18. Lover (Shawn Mendes remix)
Since many people who didn’t get tickets visited The Eras Tour anyway and fans literally filled the hilltops in Munich, I now have this future vision of Travis and Taylor’s wedding, how the location somehow still gets leaked after months of top secrecy and because Swifties are whippets they will still arrive within the 48 hours right in time for her wedding even if they have to jump on several planes from the other side of the globe and long story short everyone’s going. I don’t know why but this idea keeps cracking me up. Taylor building her empire with songs on fuckboy behavior, overwhelming heartbreak and an underwhelming reality, somehow the idea of everyone who she has healed with her songs gathering and filling hilltops for her Wedding, making it the biggest wedding ever, really cracks me up. I know some Swifties are longing for wedding bells and I know some Swifties are annoyed with those Swifties for being traditional and conservative. But it’s all up to her. My husband and I danced to Lover (Shawn Mendez remix) on our wedding and my husband was very grateful for this heartwarming but relaxed song, as he was a bit nervous about his dance moves.
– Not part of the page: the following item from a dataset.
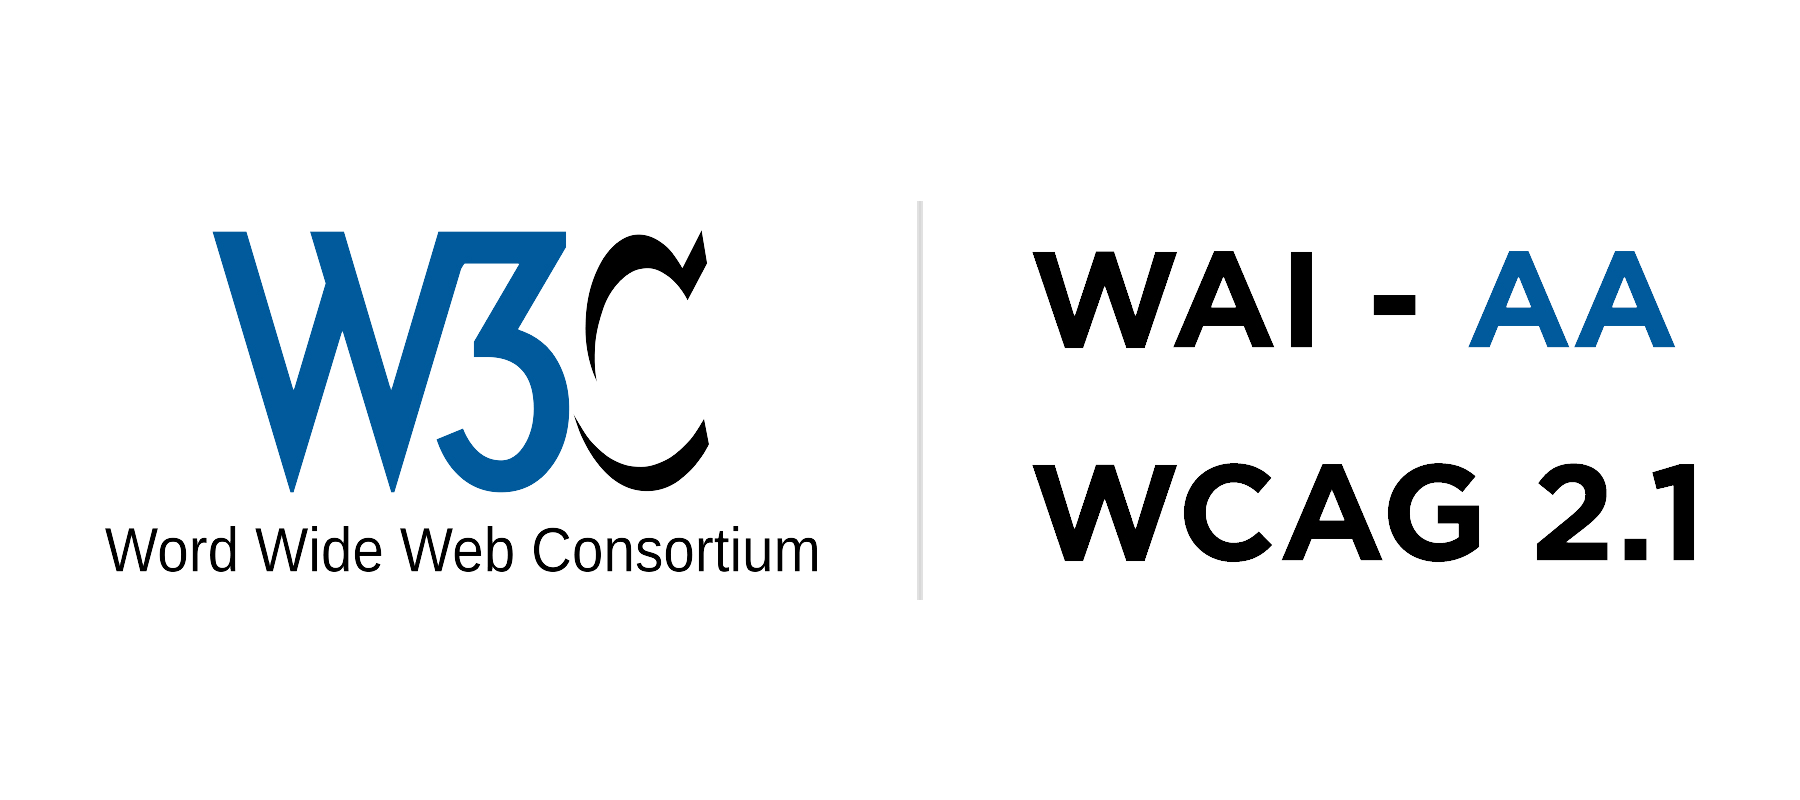 Logotipo de acreditación del cumplimiento de las pautas nivel AA del w3c según el WCAG 2.1

This year we were married for a year and we visited Leuven (Belgium) to celebrate our one-year-anniversary. Lover isn’t filled with the little gift of percussion Taylor usually puts in her songs, but it perfectly captures the soothing and reassuring feeling of being at home and at ease with each other. My husband and I very much love doing the same stuff and we really enjoy spending our days together and the atmosphere that we’re in together. We love walking in the golden hour at the end of the day, hanging in our favourite restaurants and browsing bookstores, but we equally love sleeping in and rummaging at home (we hung up new curtains and he’s currently installing his new laptop stand while I’m being called by our guinea pig Dolly who wants more lettuce). Considering Taylors general writing, this is a relatively simple but elegant song. I loved the soulful piano version she performed, The Saturday Night Live version really gave her a Dolly Parton and Dusty Springfield aura.
19. Fortnight
I found Fortnight a very fascinating song because it’s really Taylor but it’s also very Lana, like a cross-over Taylor/Lana song. It’s like Taylor looking at the world with Lana’s gaze. We listened a lot to it this 2024 as we visited the beach. Fortnight is about a stifled life compared to actually feeling alive. My husband said he now completely associates this slightly gothic song with the beach (babies with sunglasses and hats, dogs swimming, burned feet and ice cream), sunburns and seeing the wide and open purple dunes. The contrast of Fortnight’s very detached and down Frankenstein groove whilst driving through a small path in the dunes with a glorious crimson sunset and big wildflowers was something we really loved. The small towns near the beach were calm and peaceful and the combination of a light blue night sky at 10pm and Taylor’s gentle whateverishi’mjuststumblingthroughlife Lana attitude, are now forever together living rent-free in my mind. The dark undertones in Fortnight reminded me of the film Mother’s Instinct with Anne Hathaway and Jessica Chastain (I thought Anne Hathaway couldn’t scare me boy was I wrong). The film received mixed reviews because it takes a very Hitchcock turn. My husband and I came slightly thunderstruck out of the cinema and needed a drink. Fortnight ends on a more positive note. Songs about being down and detached aren’t usually this accepting, mellow or chill, but that’s why Fortnight is beautiful. And then there’s the acoustic version which is mesmerizing. The Tortured Poets Department was The Fuck It All album of 2024.
20. Peace
I love listening to Peace when I’m not in peaceful situations with my family or my husband’s family, because it reflects on the complexity of having family members with strong ideas, opinions and thoughts, the family quirks you have to face from each other’s family members, when you’ve found the person with whom you want to start your own. The song sounds like the day passing and clouds drifting by in all shapes and sizes, the mixture of very peaceful undertones contrasting the ominous lyrics of danger being near. The acknowledgement of not just bringing your lover peace, serenity and harmony all the time, but also bringing your own whole set of baggage into the relationship, being unsure of if what you’re able to give someone is enough, but knowing that your lover has found a friend in you that will sit in the trenches with him/her and weather the storms, makes it such a true love song. Families are fascinating but aren’t perfect and people aren’t perfect. The song ends with a question: would it be enough if I can never give you peace? Philosopher Alain de Botton often mentions that everyone’s a little nutty, you just have to pick the sort of nutty you can roll with. When my husband chose me, he knew he didn’t just choose a girl who looked good in a black dress in Paris, he also chose guineapigs, because I love guinea pigs. If you choose Taylor Alison Swift, she’ll come along with about a gazillion possums known as Swifties and everything that comes along with being a famous person. You choose someone, you get the whole package.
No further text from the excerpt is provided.